I don’t really get why the ‘lower’ attribute had an error, that just lowercases the what I assume is a string right for ‘front_end’? Has anybody reported on this bug before?

*As an added note, I’m running on my own machine running Ubuntu 18.04, and I followed the installation instructions for AWS.

(Osam) #1323

I unfroze the model and “trained more layers” but used 4 epochs instead of 1. The model came out more accurate. The time lost in training was about 15 secs.


Hi all,

I am running the jupyter notebook on my own computer. After running the learn.fit_one_cycle(4) part of the code, the next cell next (learn.load(‘stage-1’) does not run properly. It kind of gets stuck. I can not interrupt my kernel anymore, the only solution is to restart it, but then I also lose all of my data. Does anyone have an idea how I can fix this?

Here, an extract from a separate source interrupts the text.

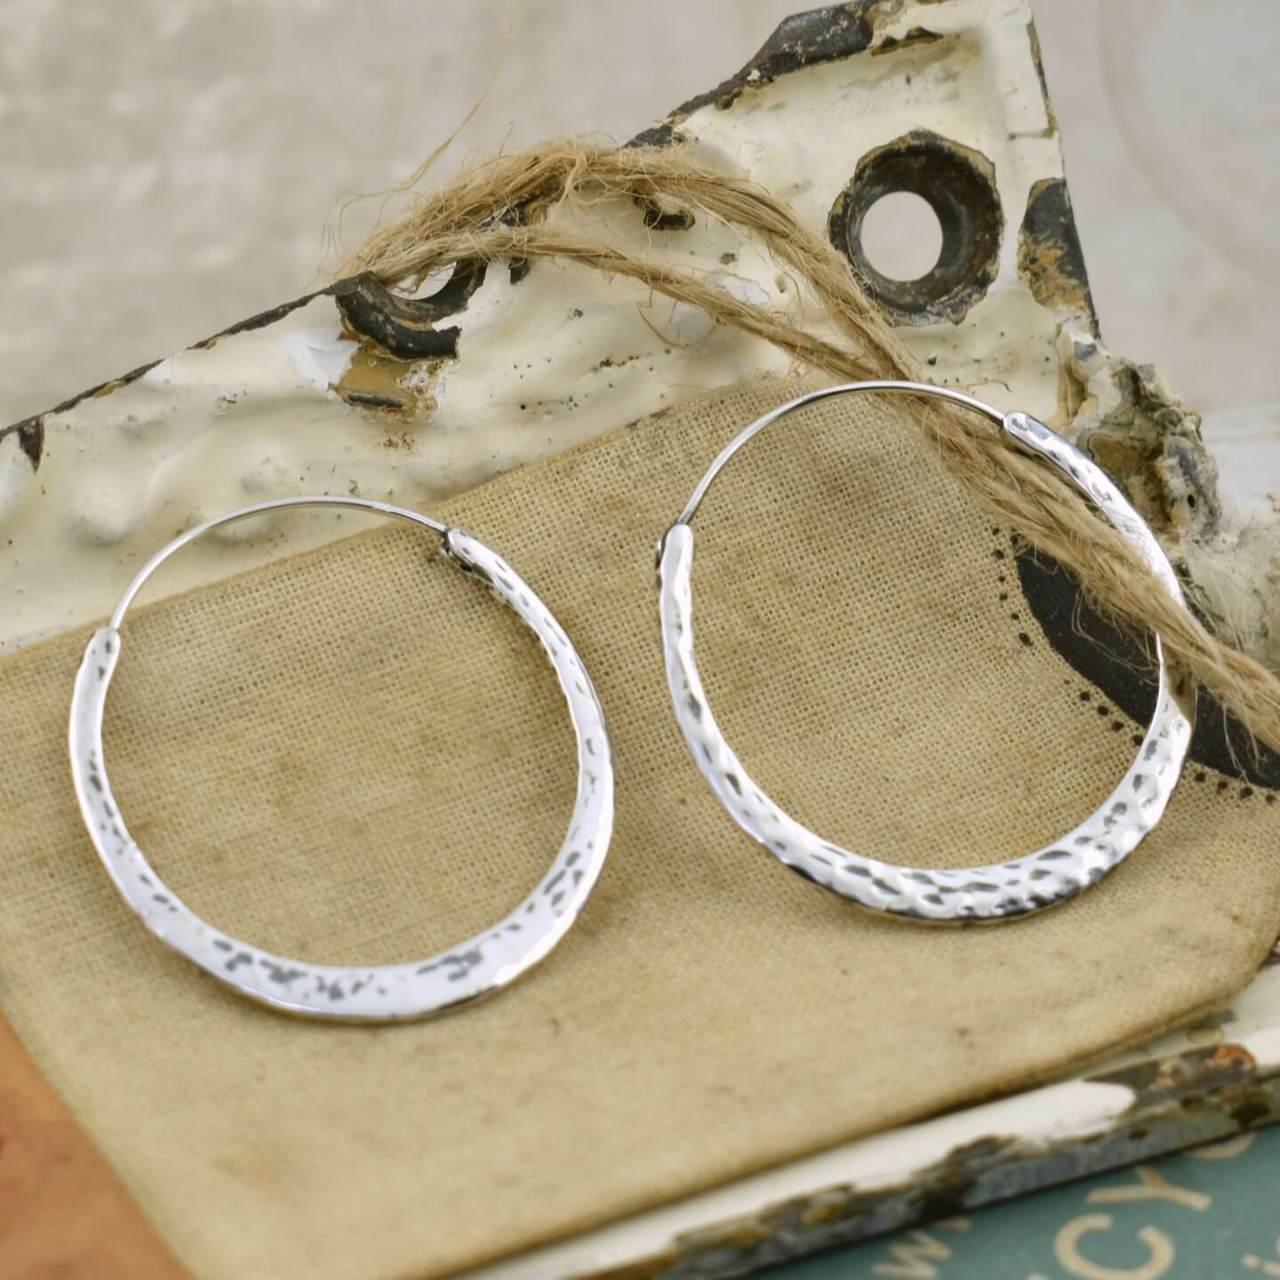 Handcrafted sterling silver earrings in a continuous wire style

I am using Jupyter notebook 5.7.4, python version 3.7.1, fastai 1.0.38 and pytorch 1.0.0.

~ Sophie

(chandan ) #1325

check if you have imported the fastai library properly

(Parth ) #1327

I do not know if this is the right place to ask this question. After implementing this lecture, I wonder how would I go on to train a classifier with multiple classes which can detect all of those classes if given in a single image for prediction? I have seen somewhere those bounding boxes which detect multiple classes in a single image. Is it a completely different task or this tutorial can be extended to do something like that?


Hi :wave:t3:,
You will learn more about this in Lesson 3 :wink:

(Parth ) #1329

Thanks for reply. I have actually seen that lecture. There Jeremy discusses about multi-label classification. I was asking - for example, if I have trained my model to classify 10 celebrities and if I give a group photo or something like that does model can identify different celebrities in it(with where the person is)? How would that generally work?


I have just started with the first lesson of DL part 1. I would be interested in DL applications for de novo design.